### Material provided
****************

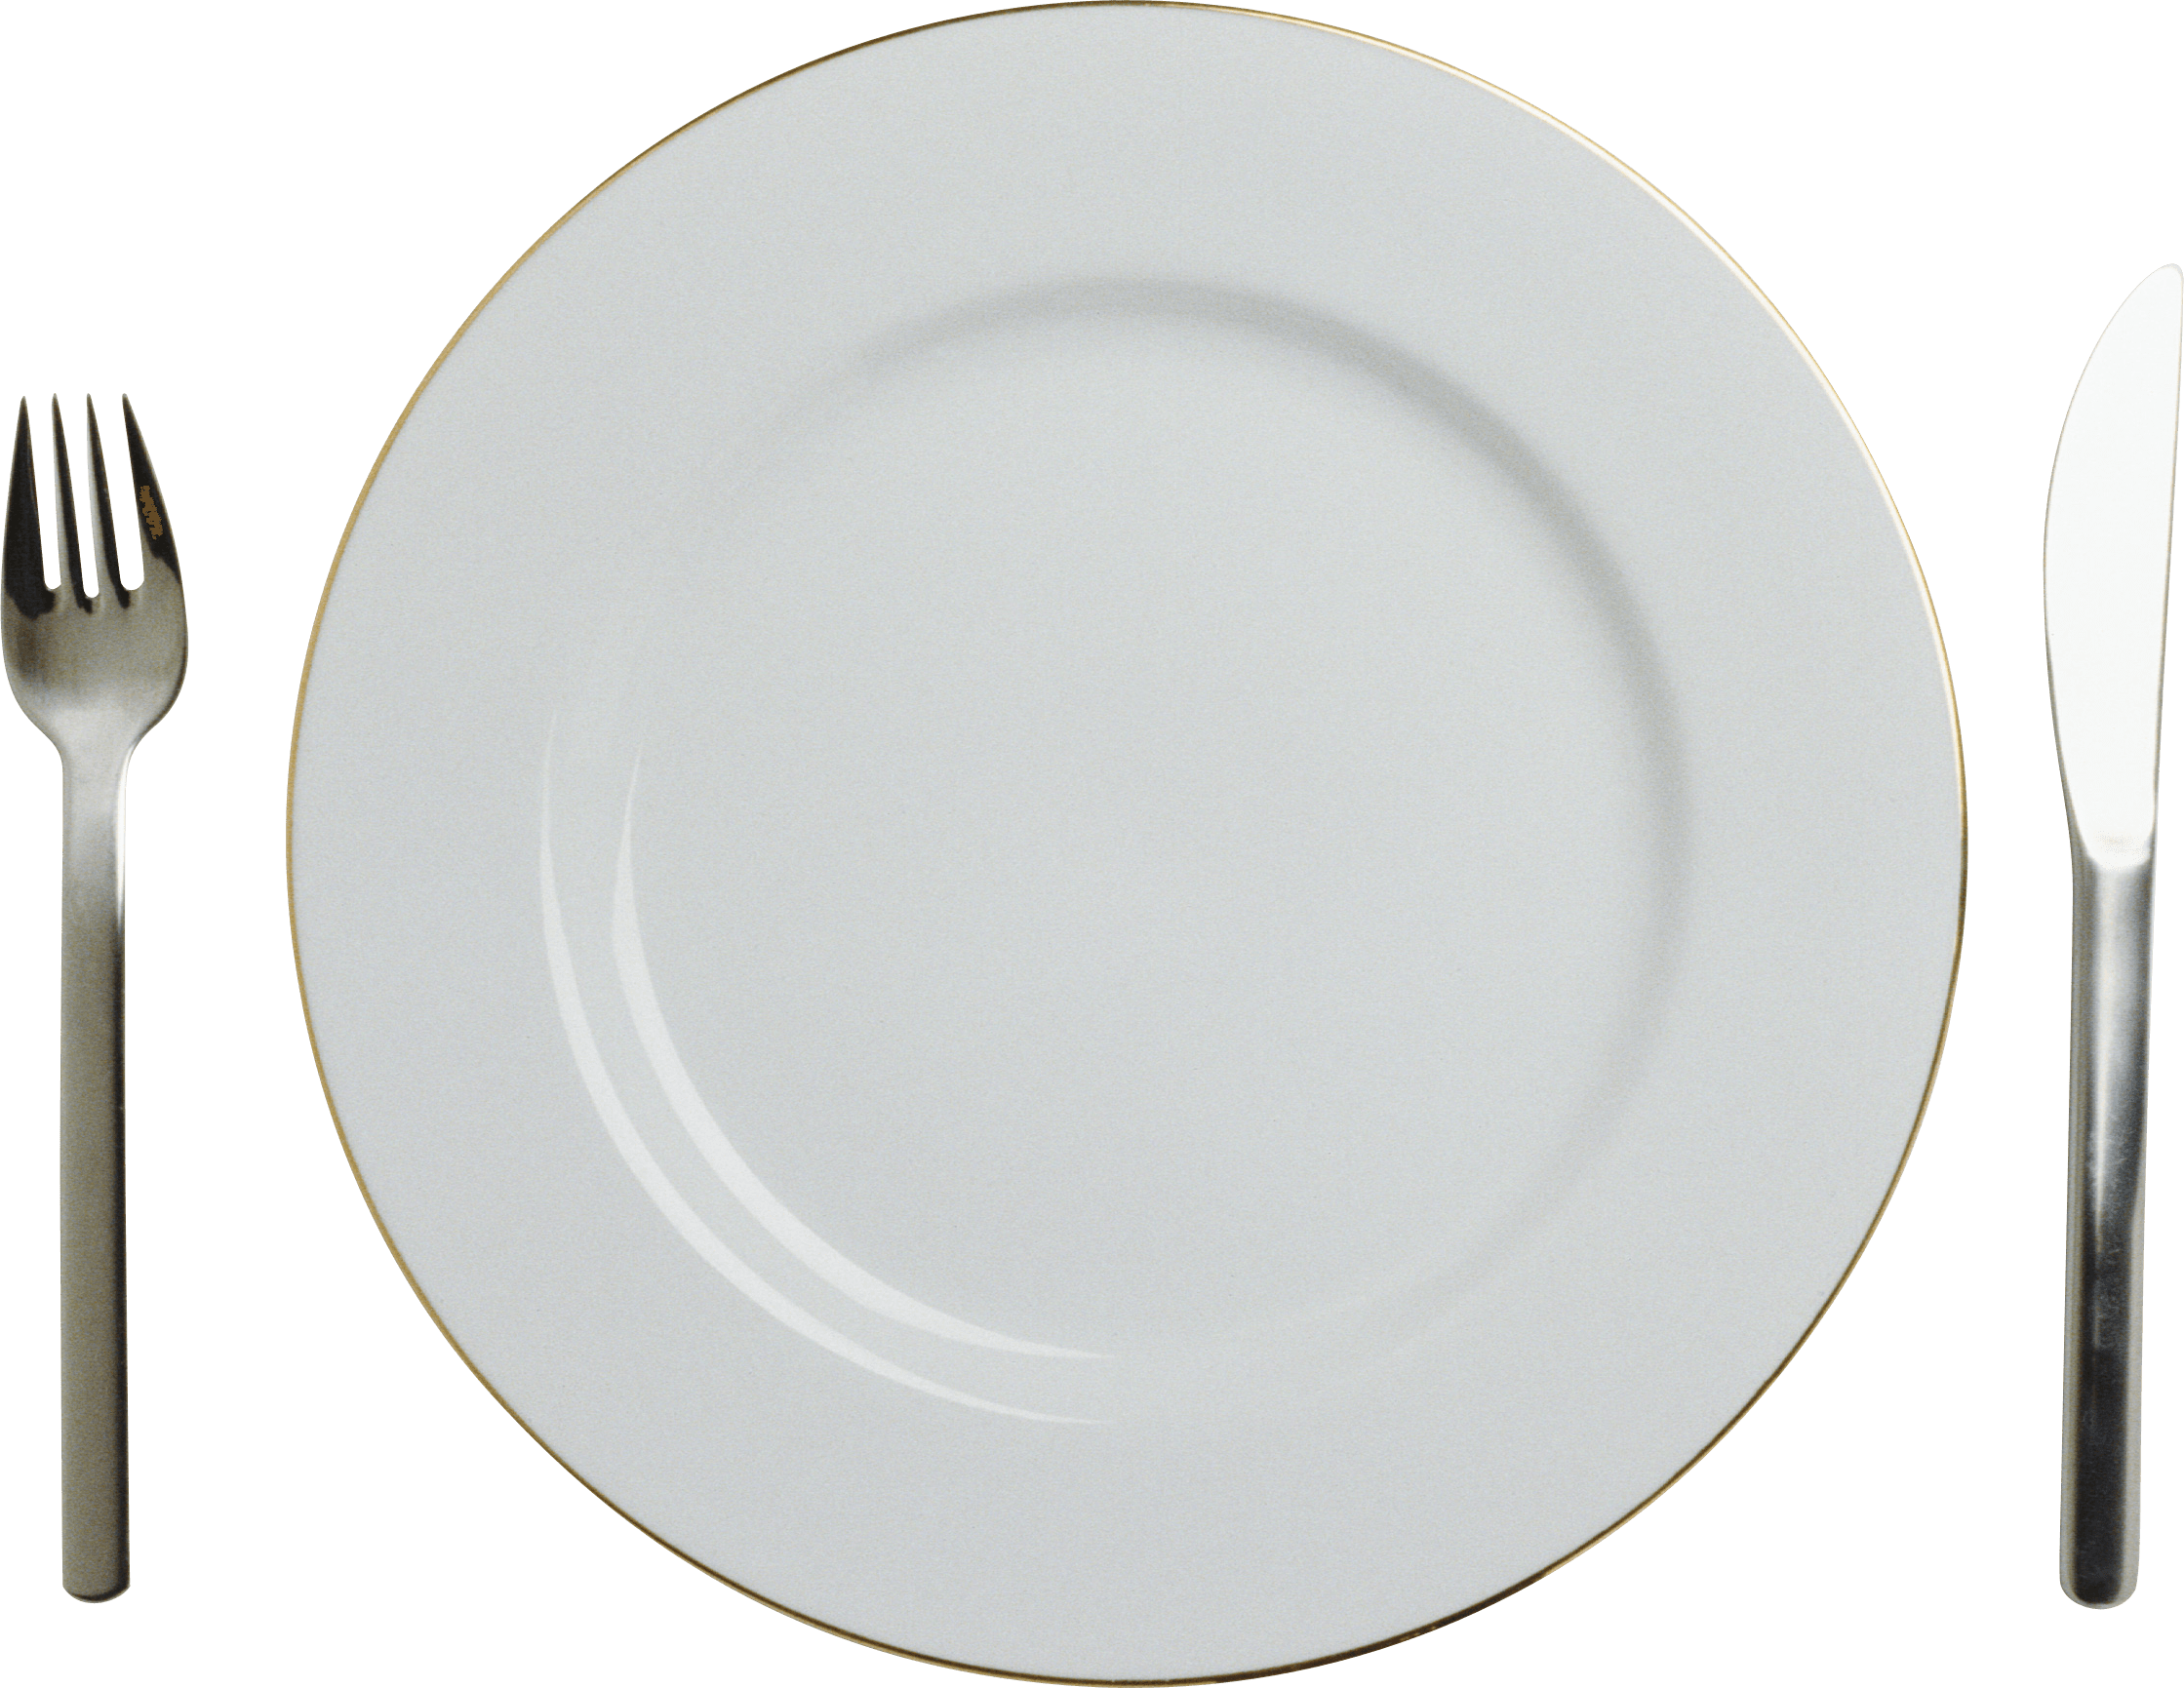  Plate  clipart plate  cutlery Plate  plate  cutlery 
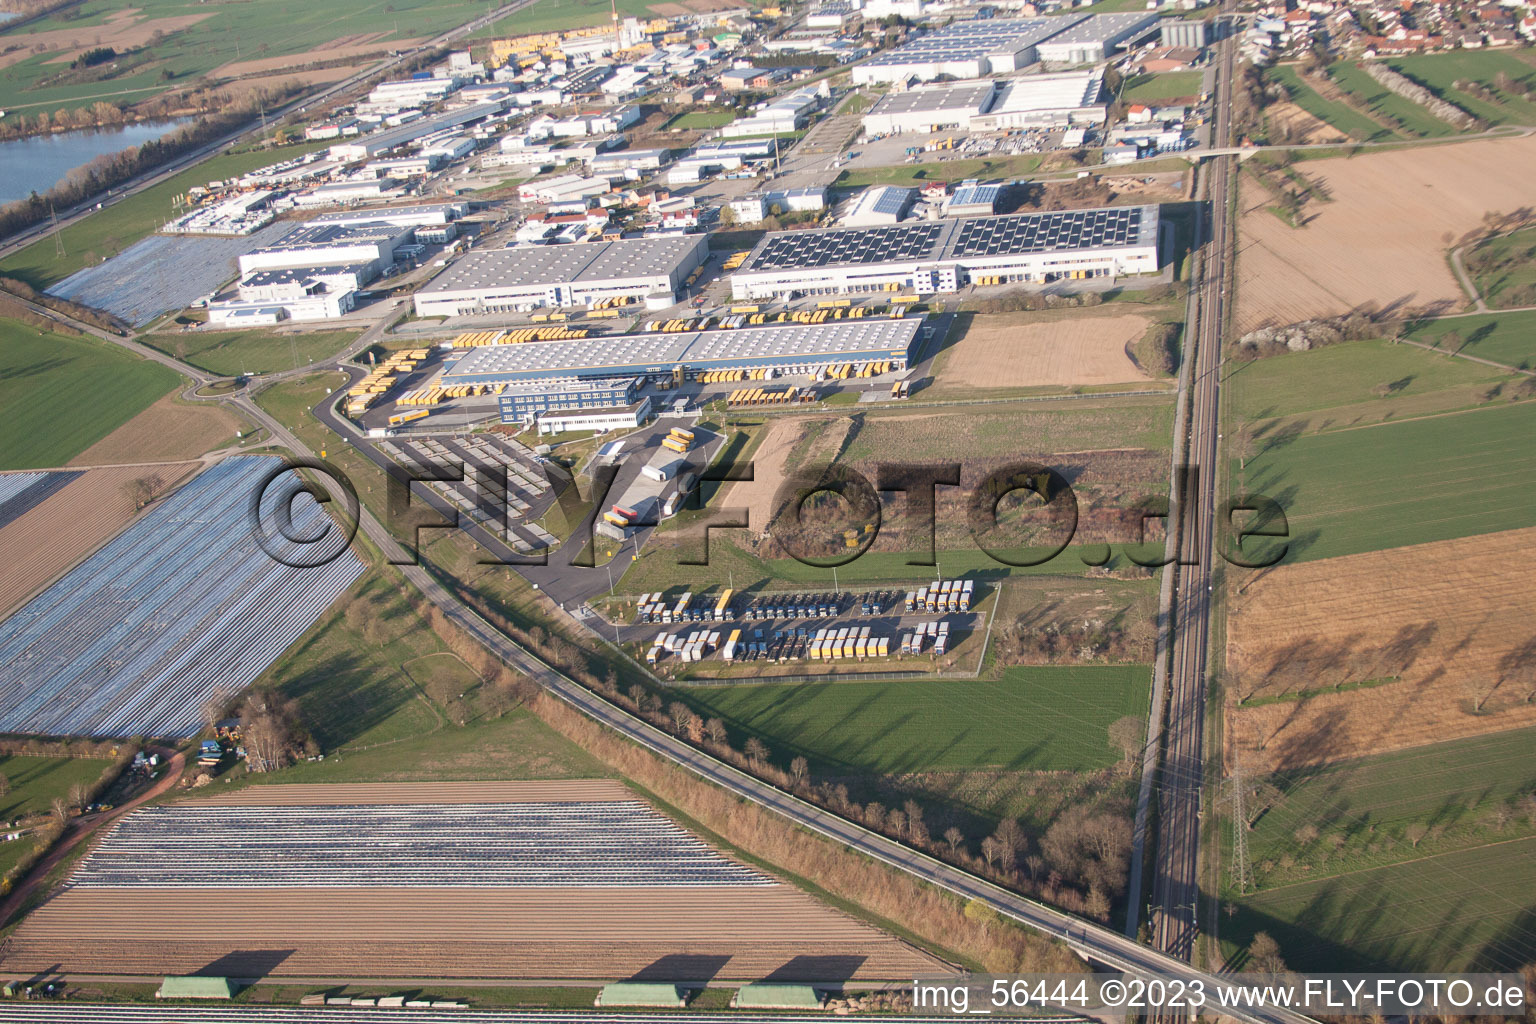 Luftbild von DACHSER Logistikzentrum Karlsruhe GmbH, Malsch im Bundesland Baden-Württemberg, Deutschland
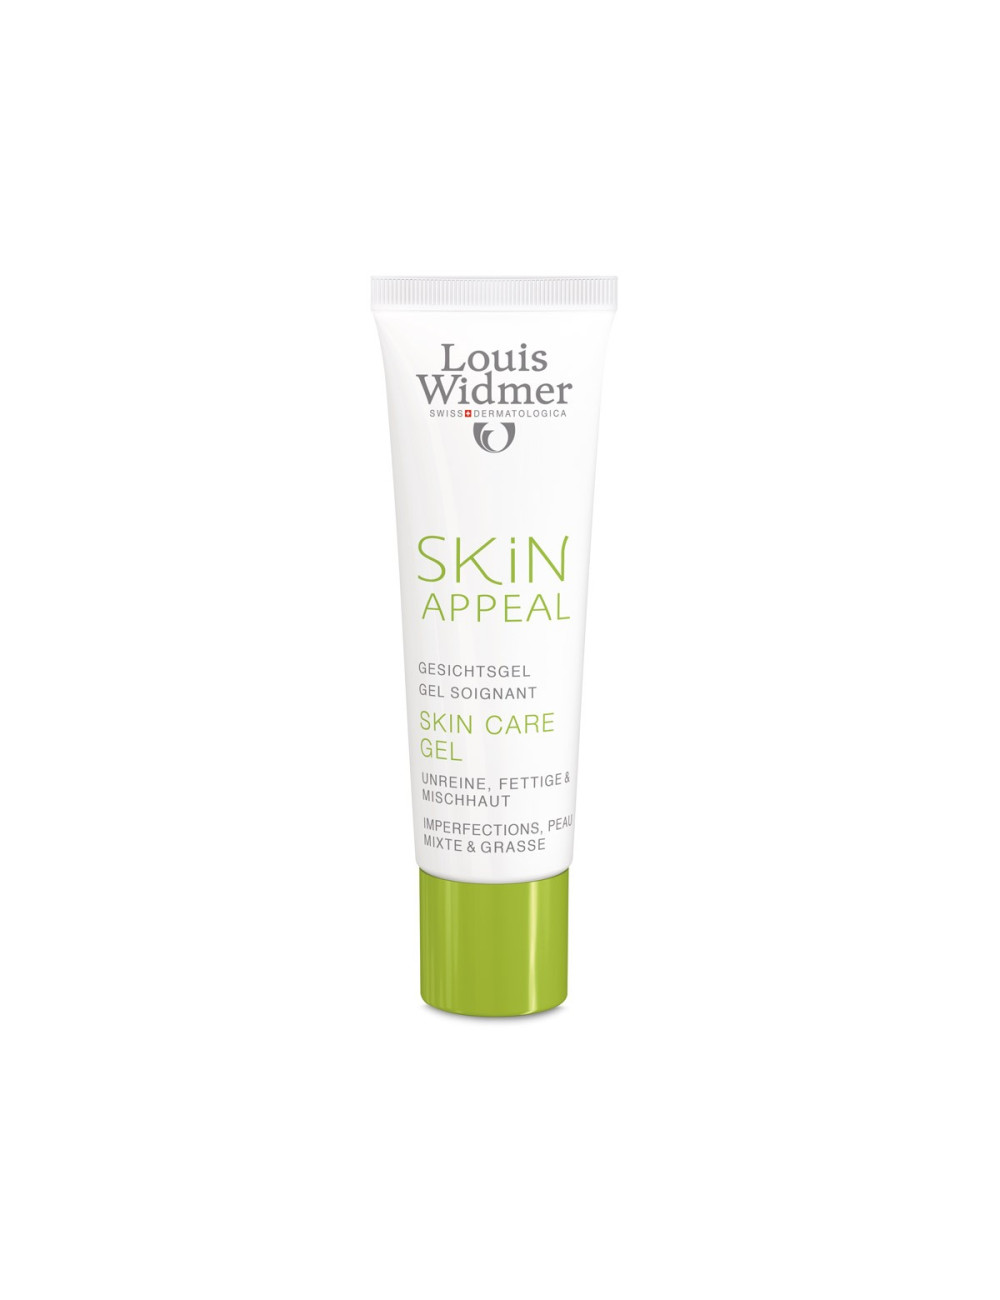 Louis Widmer Skin Appeal Skin Care Gel
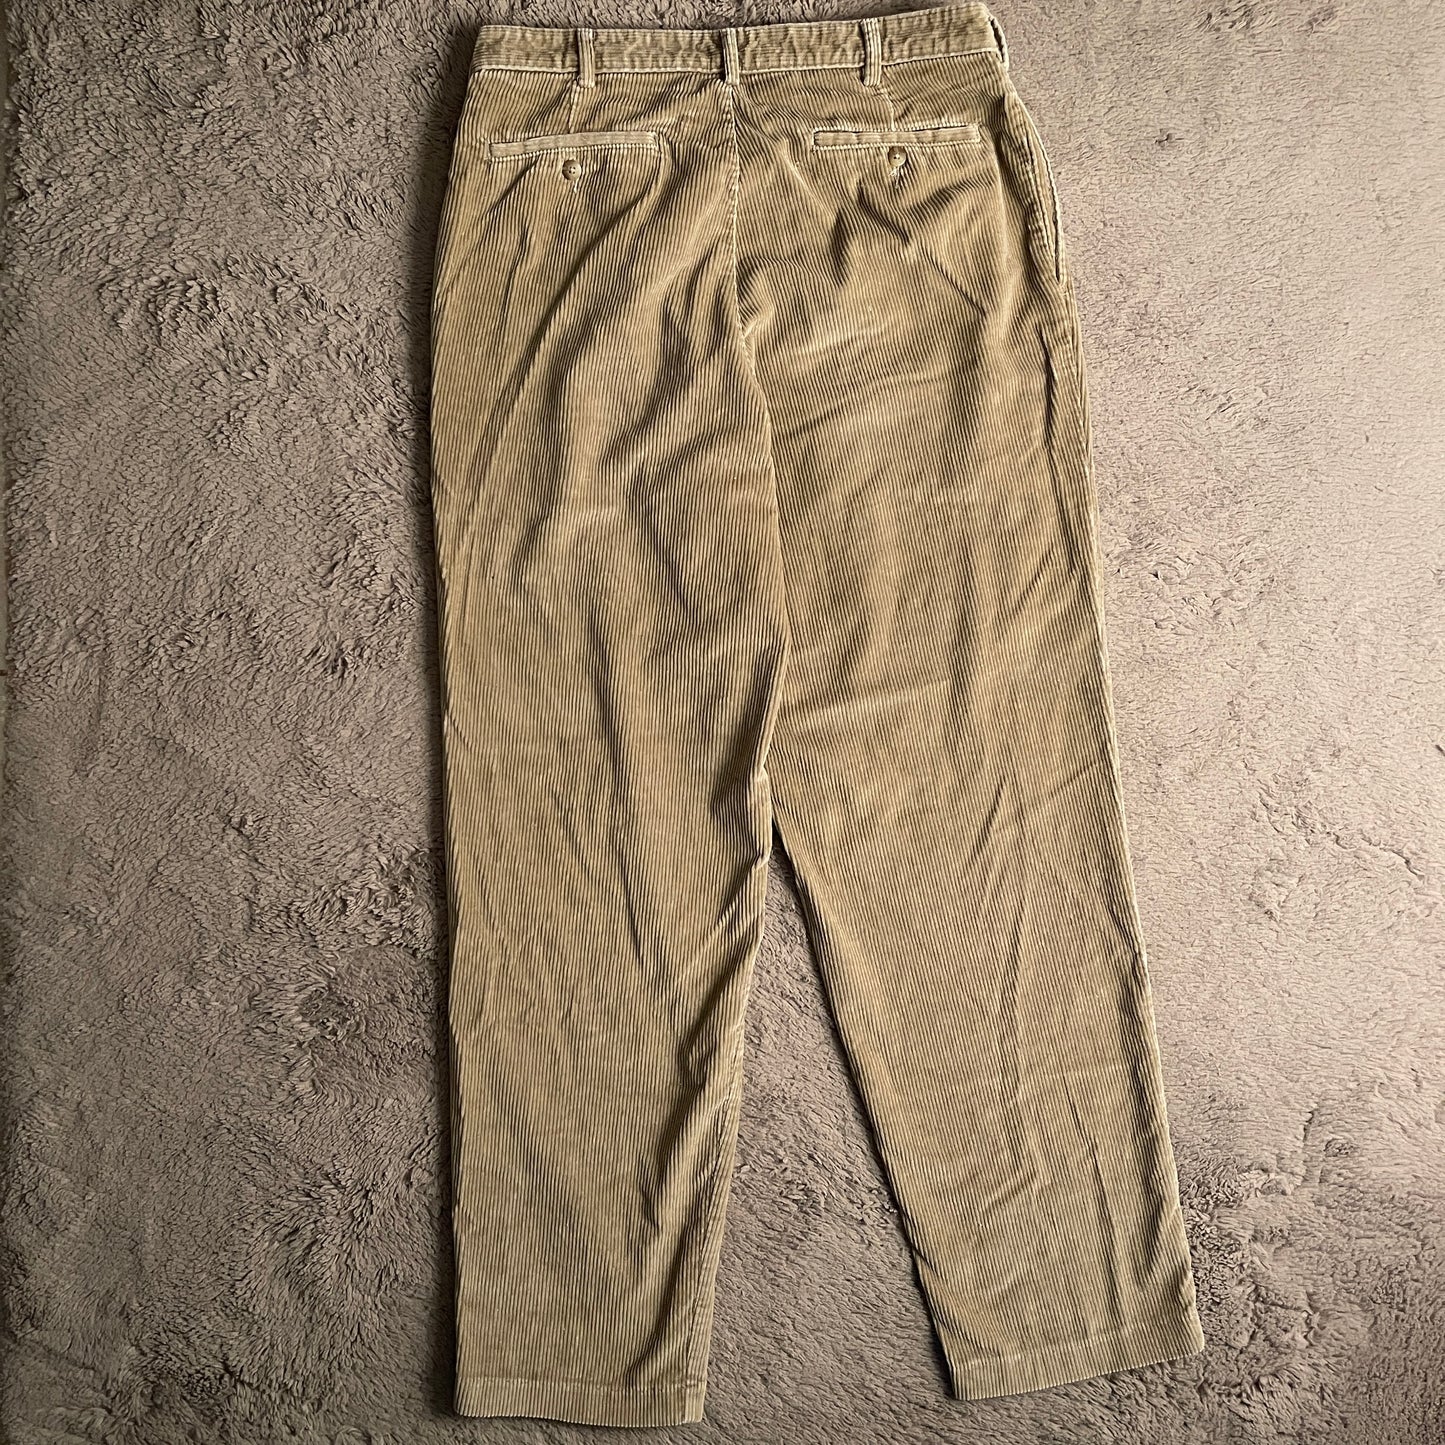 Khaki Corduroy Pants (W33xL44)

****************

### Brief
Could the material above be given again exactly, pictures excluded?

### Written response
  Plate  clipart plate  cutlery Plate  plate  cutlery 
 Luftbild von DACHSER Logistikzentrum Karlsruhe GmbH, Malsch im Bundesland Baden-Württemberg, Deutschland
 Louis Widmer Skin Appeal Skin Care Gel
 Khaki Corduroy Pants (W33xL44)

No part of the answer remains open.